Фиалки на снегу (Грассо) - страница 119

— У тебя прелестные веснушки…

— Веснушки? — переспросила она. Ее голос дрожал от страсти. Она и не подозревала, какой могущественной властью над ее телом обладал темноволосый мужчина. Его нежные прикосновения причиняли ей неведомую прежде сладкую боль, они же сулили ей исцеление.

Джон принялся ласкать ее грудь. Его пальцы, губы, язык действовали настойчиво и нежно, пробуждая ее чувственность.

— Ты удивительная, — прошептал он и положил руку на ее бедро. Его губы последовали за рукой, и, оставив на бархатистой коже влажную дорожку поцелуев, Джон приник губами к соблазнительному холмику меж ее ног.

— Раздвинь ноги, — тихо сказал он, и Изабель подчинилась.

Снова поцеловав ее, Джон провел пальцами по треугольнику волос и скользнул внутрь…

Изабель напряглась и замерла от обрушившихся на нее новых, невообразимо острых ощущений. Джон зажал ее рот своими губами. Потом он сказал:

— Любовь моя, ничего не бойся. — Он продвигал руку все дальше. — Я хочу, чтобы тебе не было больно…

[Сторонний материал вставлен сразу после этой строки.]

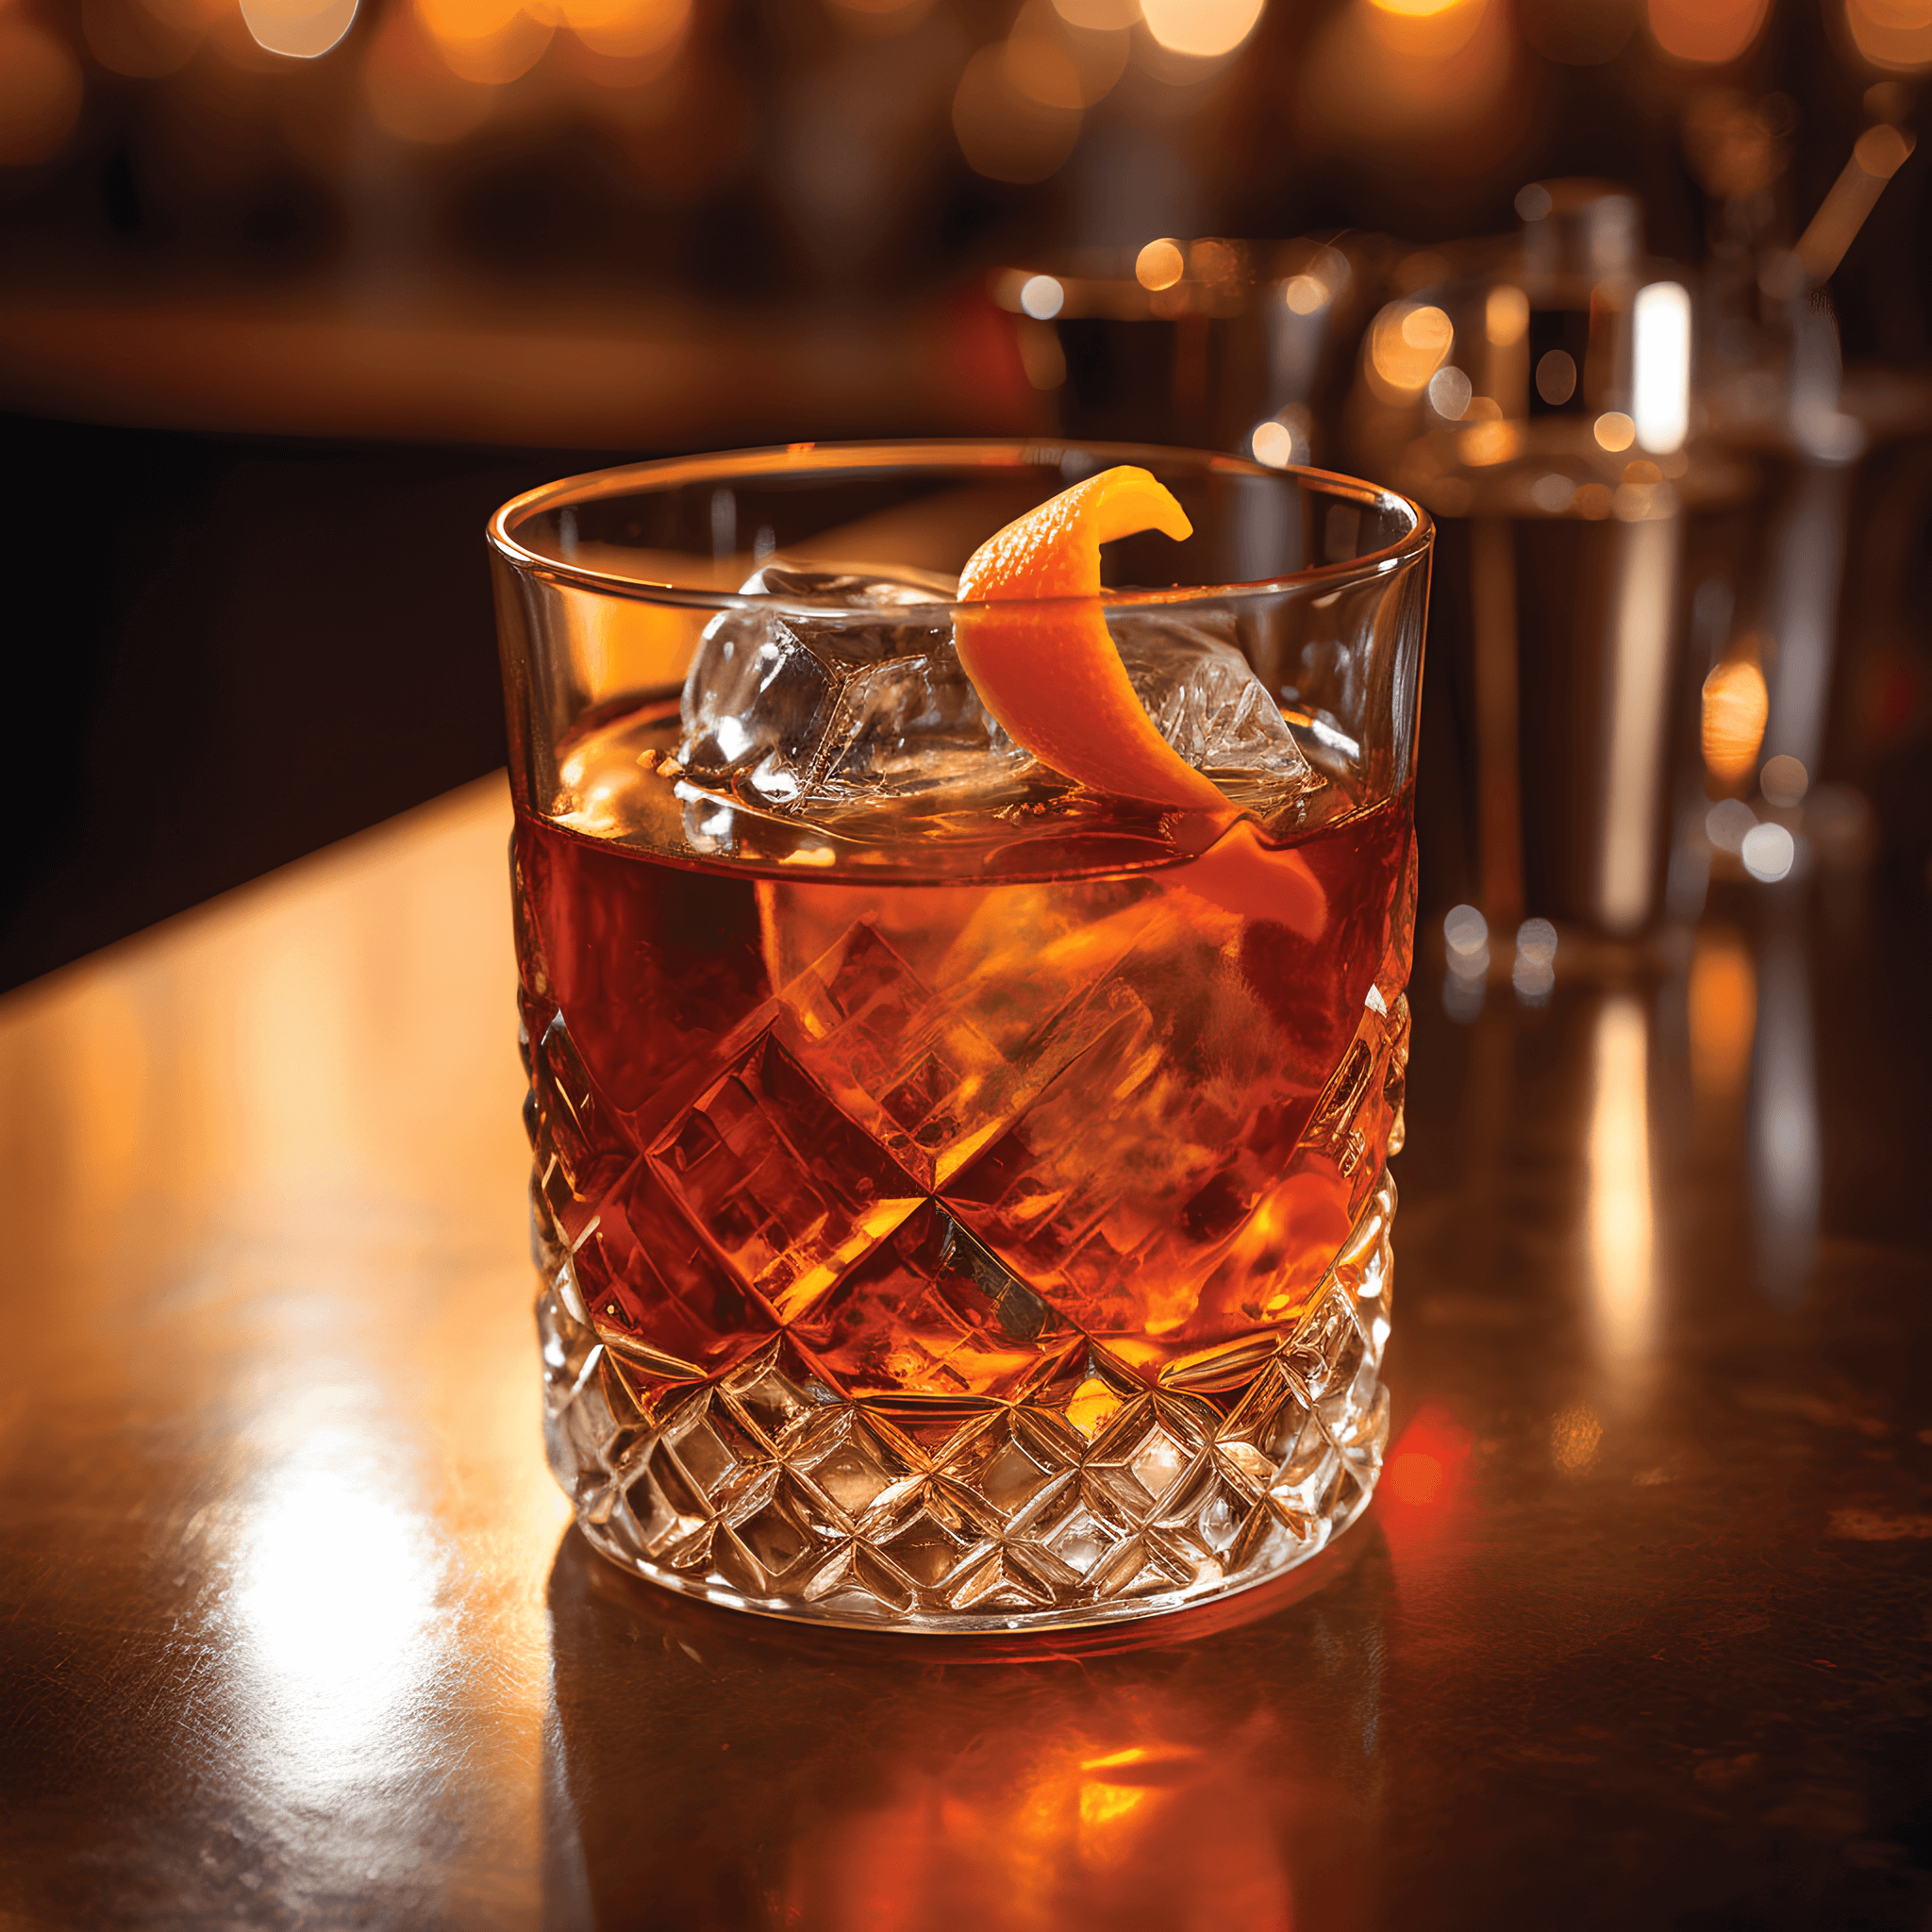 El Old Fashioned tiene un sabor rico y complejo que es dulce y amargo. El whisky proporciona una base fuerte y cálida, mientras que el azúcar y los amargos agregan un toque de dulzura y un toque de especias. La guarnición de naranja y cereza agrega una nota sutilmente afrutada.

Словно исследуя ее изнутри, Джон действовал пальцами — и Изабель шире раздвинула ноги, чтобы помочь ему. Она тихо застонала, и движения его стали энергичнее.

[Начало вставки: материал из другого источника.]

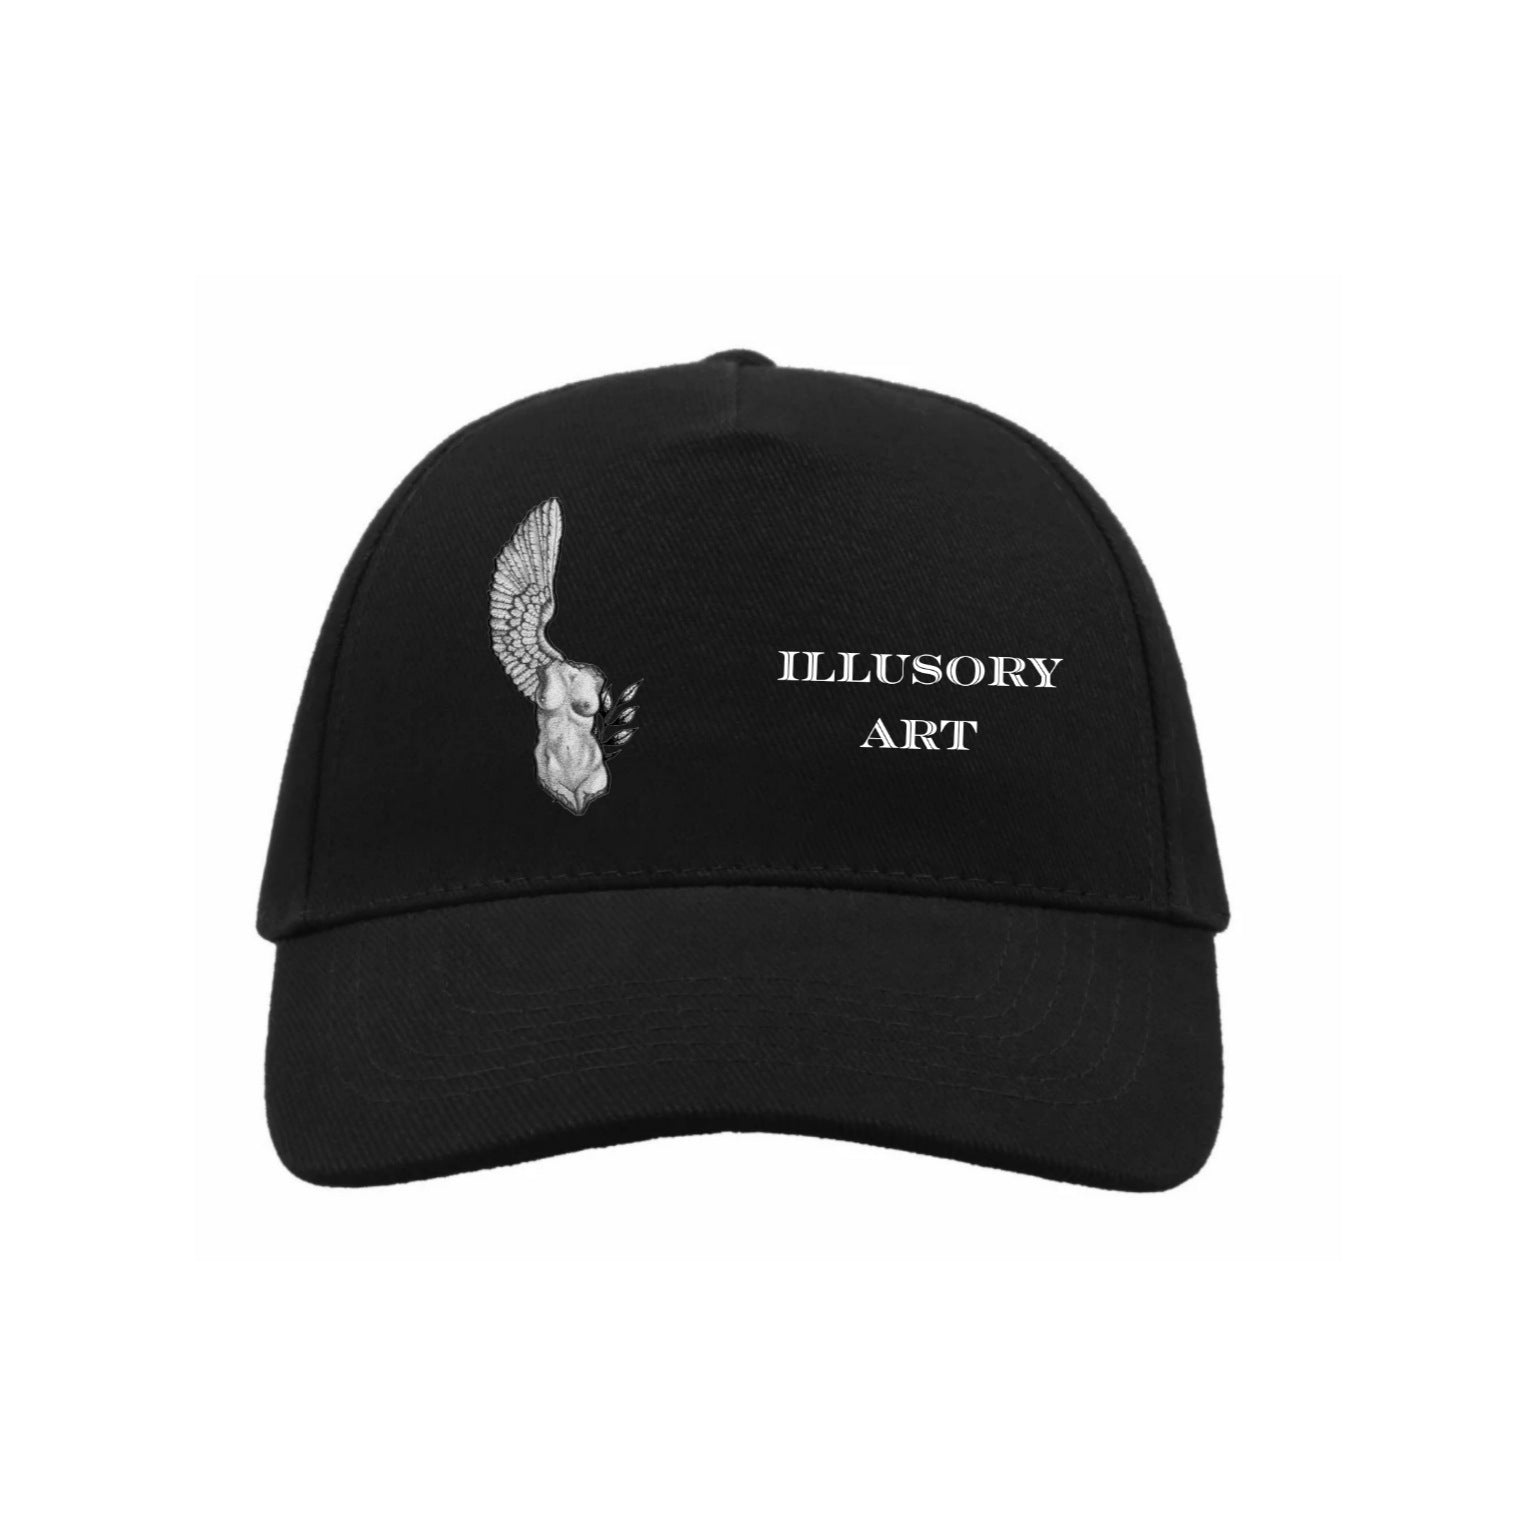 "ART" HAT

— Посмотри на меня, любимая, — попросил он. — Потерпи немного, любимая. Сначала будет больно…

Джон стоял на коленях над ней, и она видела его напрягшийся член. Изабель не испытывала ни малейшего страха — она вверяла себя этому мужчине, своему мужу, долгожданному темноволосому принцу и хотела принадлежать ему душой и телом.

И одним движением он вошел в нее. Изабель вскрикнула и невольно напряглась, ожидая нового приступа боли.

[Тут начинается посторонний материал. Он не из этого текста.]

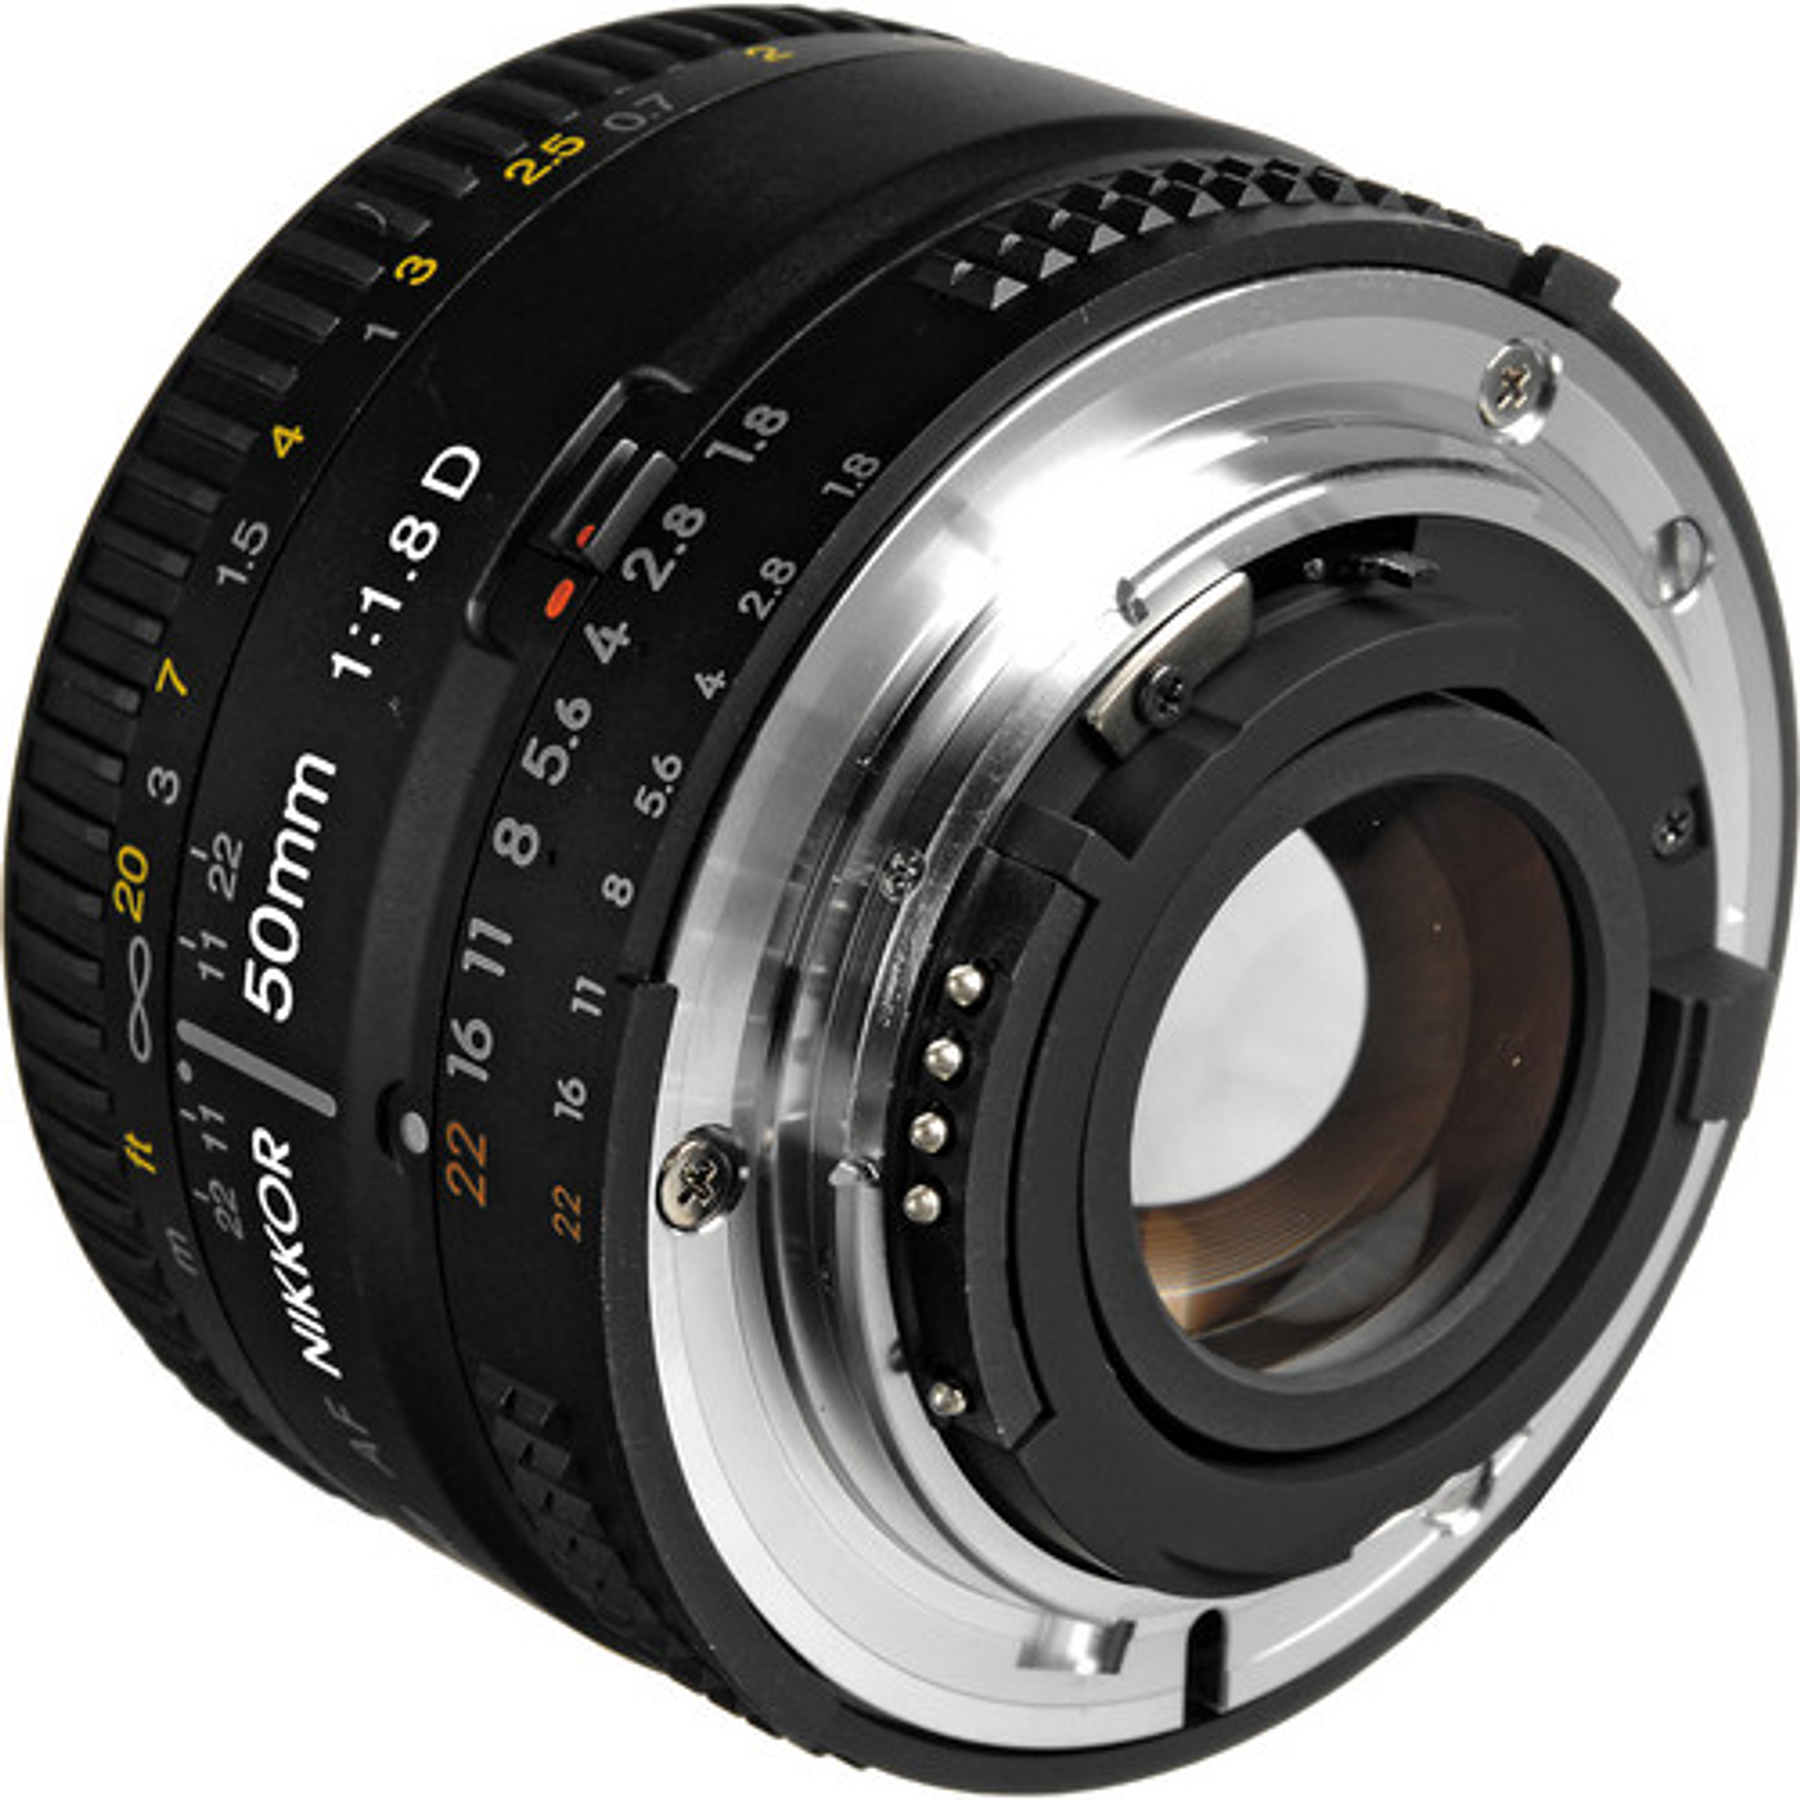 Nikon F AF 50mm f1.8D (r)

Несколько мгновений Джон лежал неподвижно, а потом начал двигаться — и она инстинктивно последовала этому ритму, повинуясь извечному зову природы…

Боль ушла, растворилась в потоке страсти. Желание вспыхнуло в ней, разгораясь с каждым мгновением. Ей казалось, что тело ее становится невесомым и уносится ввысь на крыльях любви. И когда она достигла высшего блаженства, Джон чутко уловил это и замедлил движения. Застонав, он еще крепче прижался к ней и излил в нее семя.

Несколько минут они лежали тихо, сжимая друг друга в объятиях, и комнату наполняло лишь их учащенное дыхание. Наконец Джон лег рядом, укрыл ее покрывалом и, глядя ей прямо в глаза, сказал:

— Прости меня за то, что я не сказал тебе о войне. Я хотел, чтобы этот день стал самым прекрасным днем в нашей жизни, и не хотел омрачать его дурными новостями.

— Спасибо тебе. А Лили…

— Может, поговорим о ней утром?

— Хорошо.

Джон нежно поцеловал жену в лоб.

— Утро вечера мудренее, — сказал он.